Available data
——————————

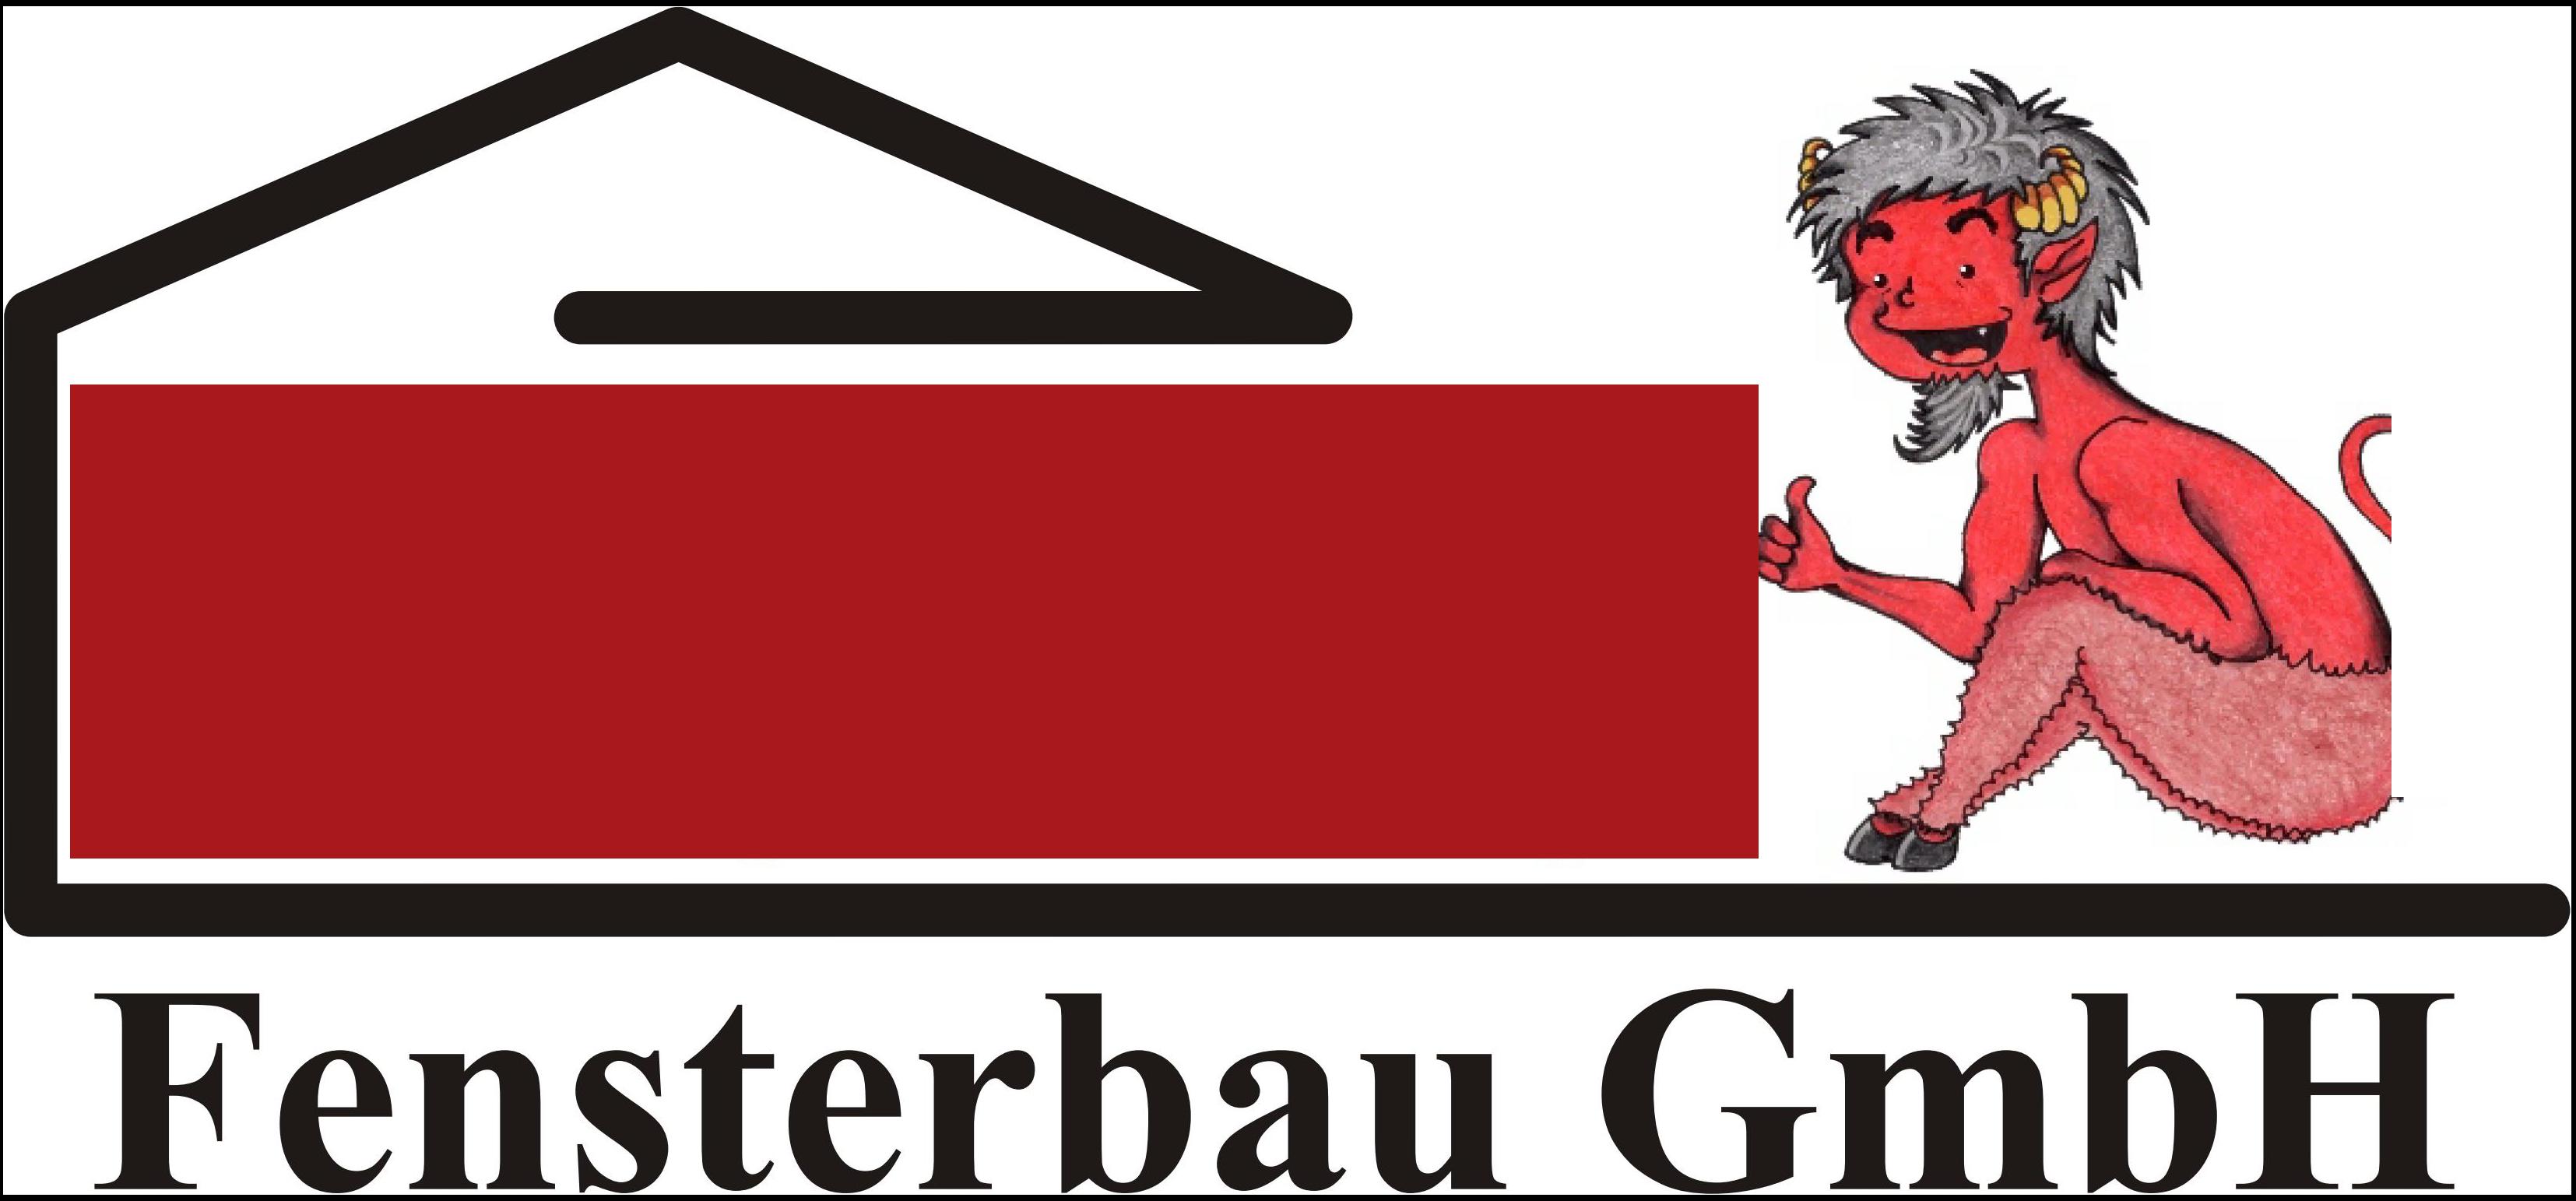 HoRo – Fensterbau GmbH
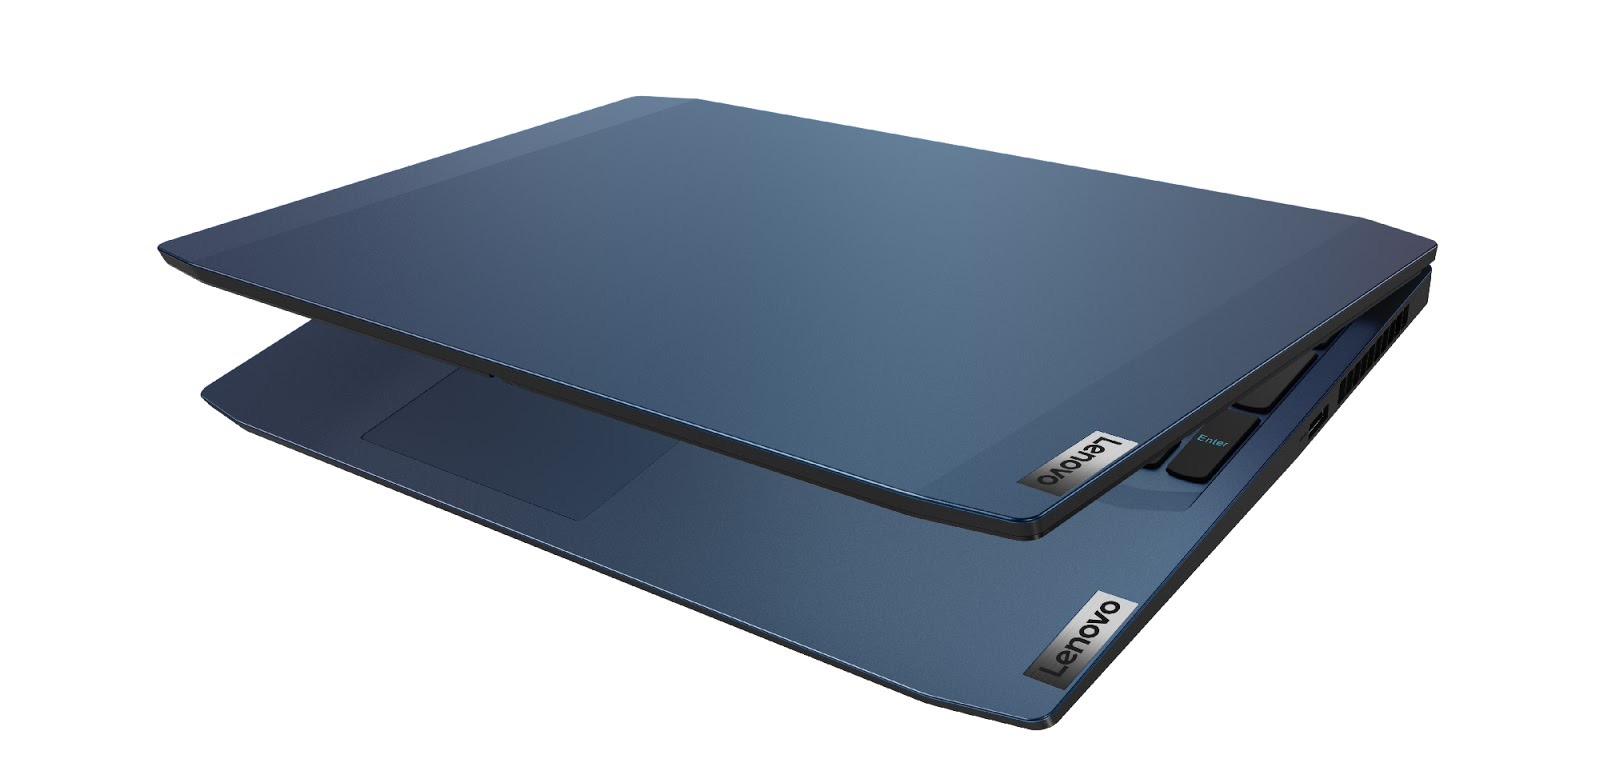 Фото 3. Ноутбук Lenovo ideapad Gaming 3 15IMH05 Chameleon Blue (81Y400L3RK)
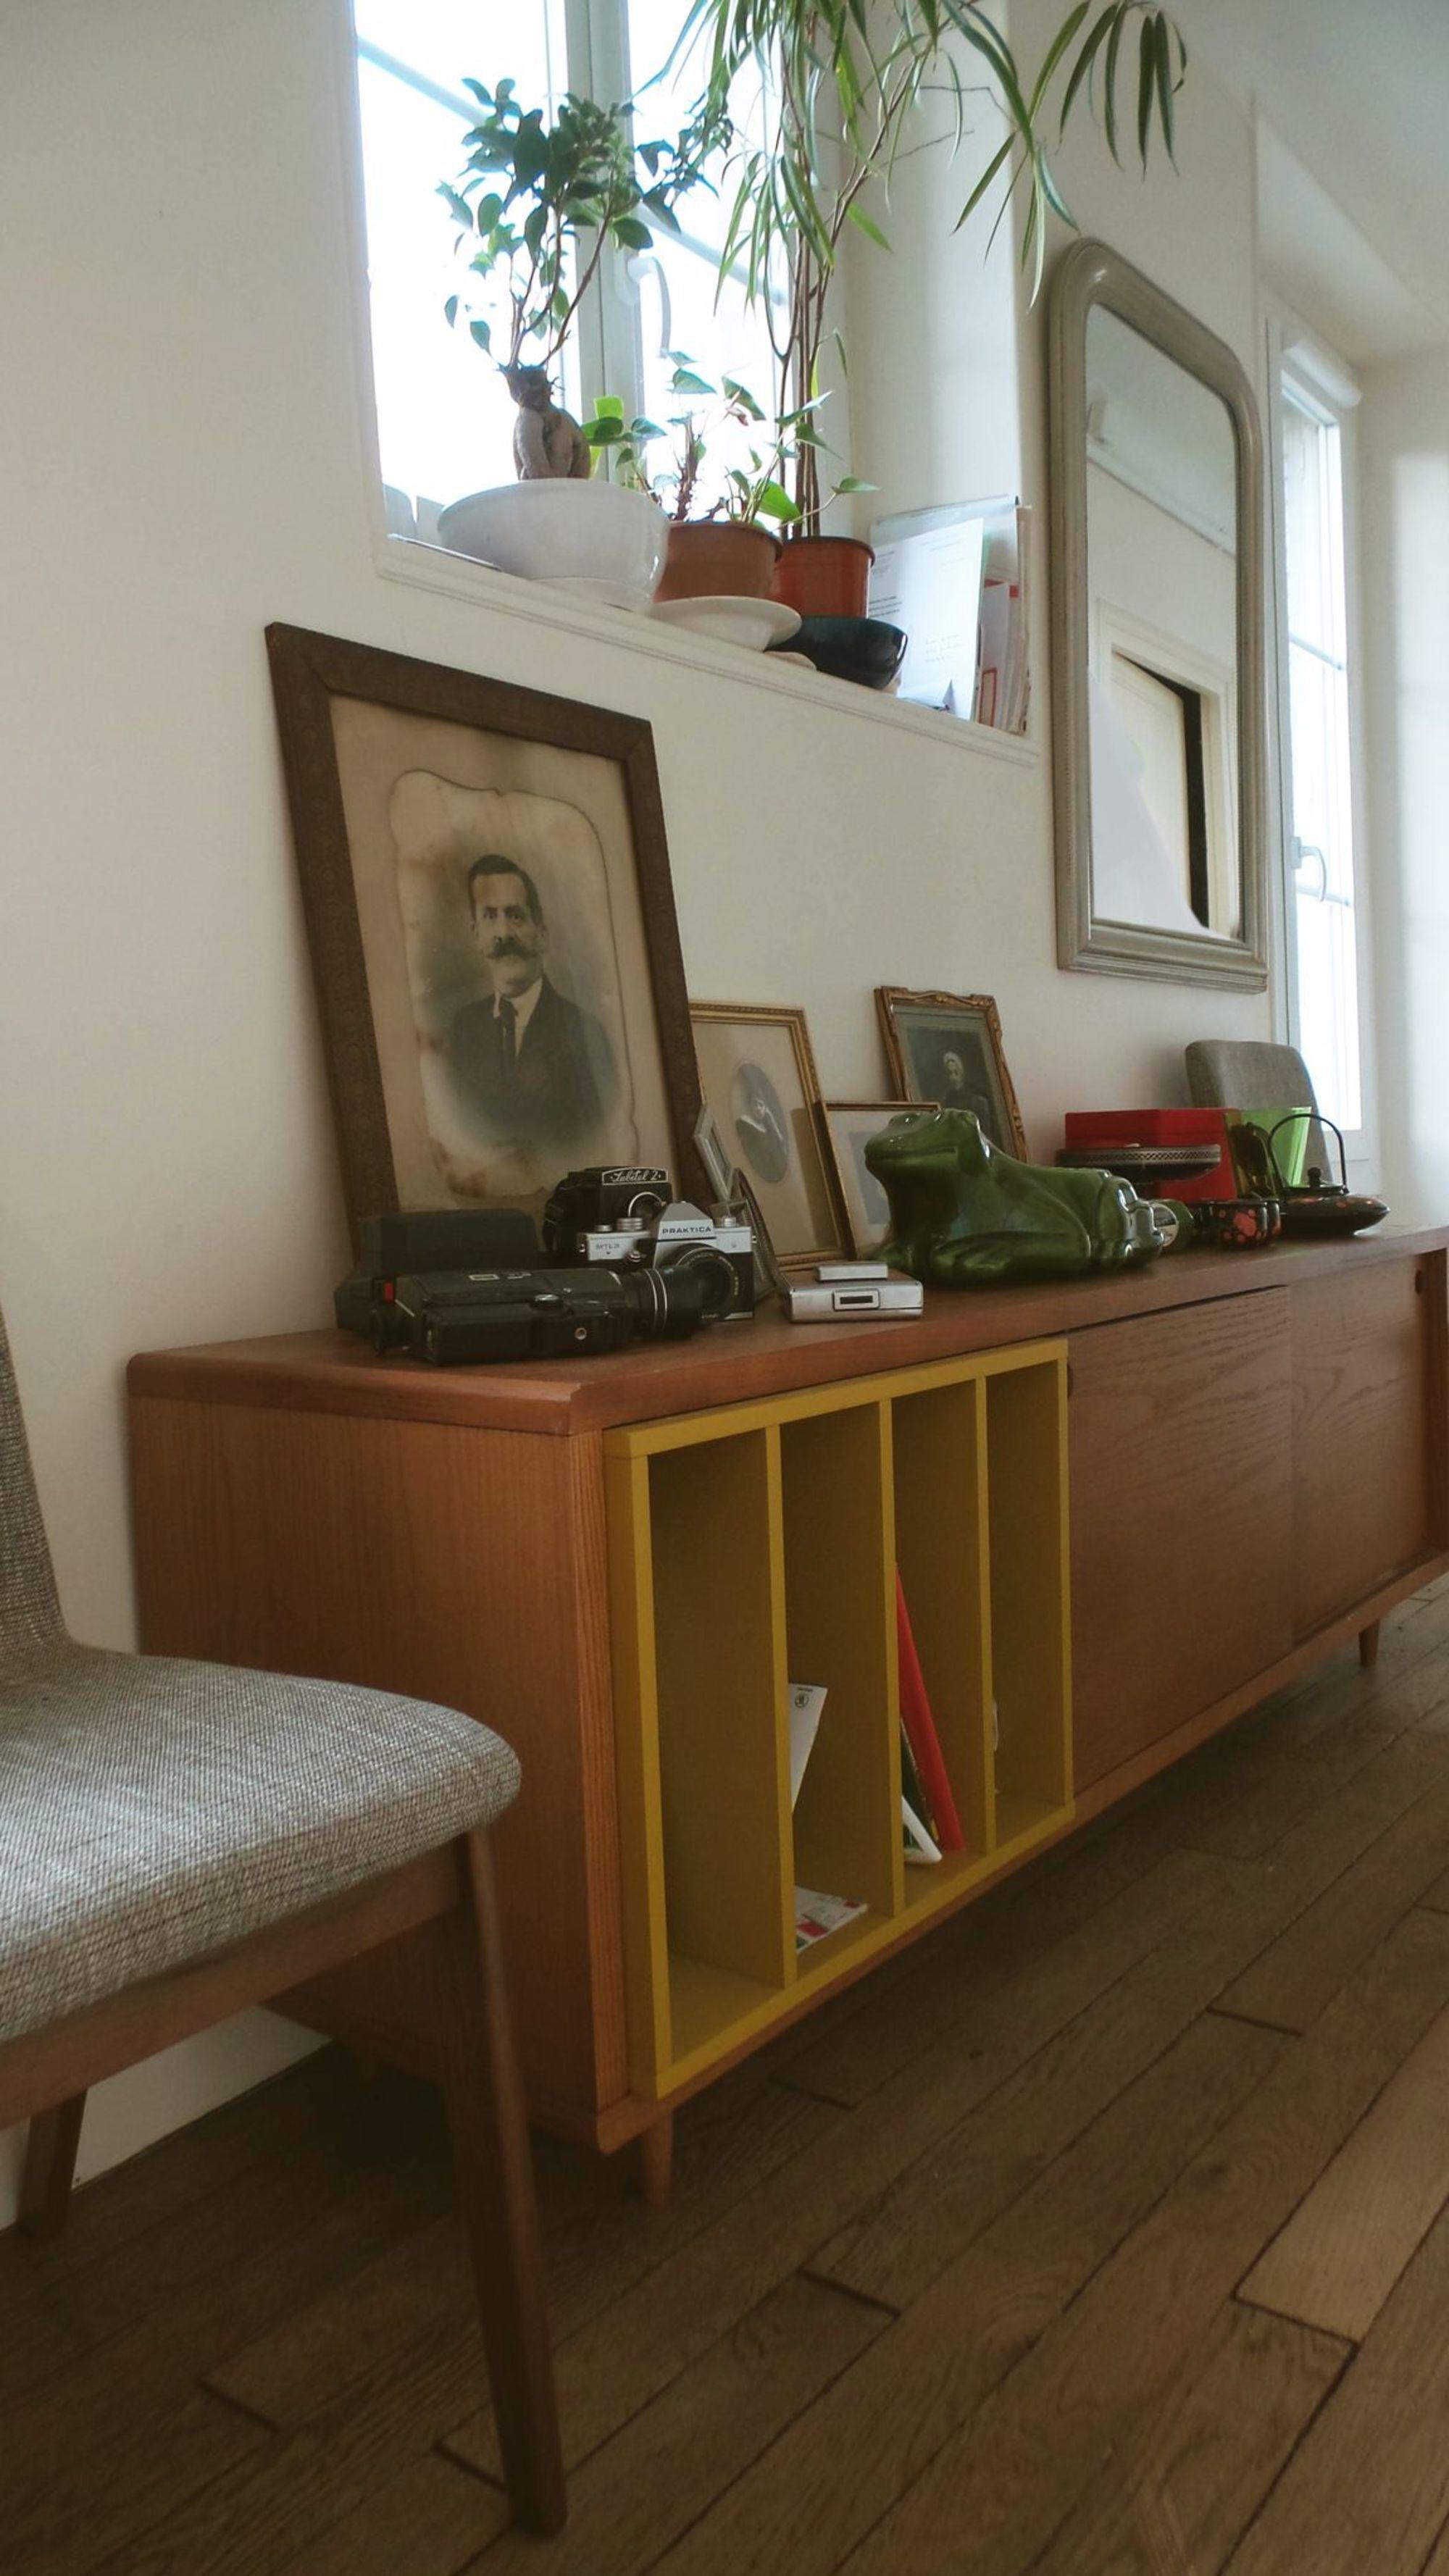 Karine Martin : où vit l'architecte de La Maison France 5 ? | Maison france 5, Maison et France 5

——————————

Work order
To answer, repeat exactly the lines from the line containing "Фото 3. Ноутбук" through the last line of the data above, leaving out all pictures.

Exercise solution
 Фото 3. Ноутбук Lenovo ideapad Gaming 3 15IMH05 Chameleon Blue (81Y400L3RK)
 Karine Martin : où vit l'architecte de La Maison France 5 ? | Maison france 5, Maison et France 5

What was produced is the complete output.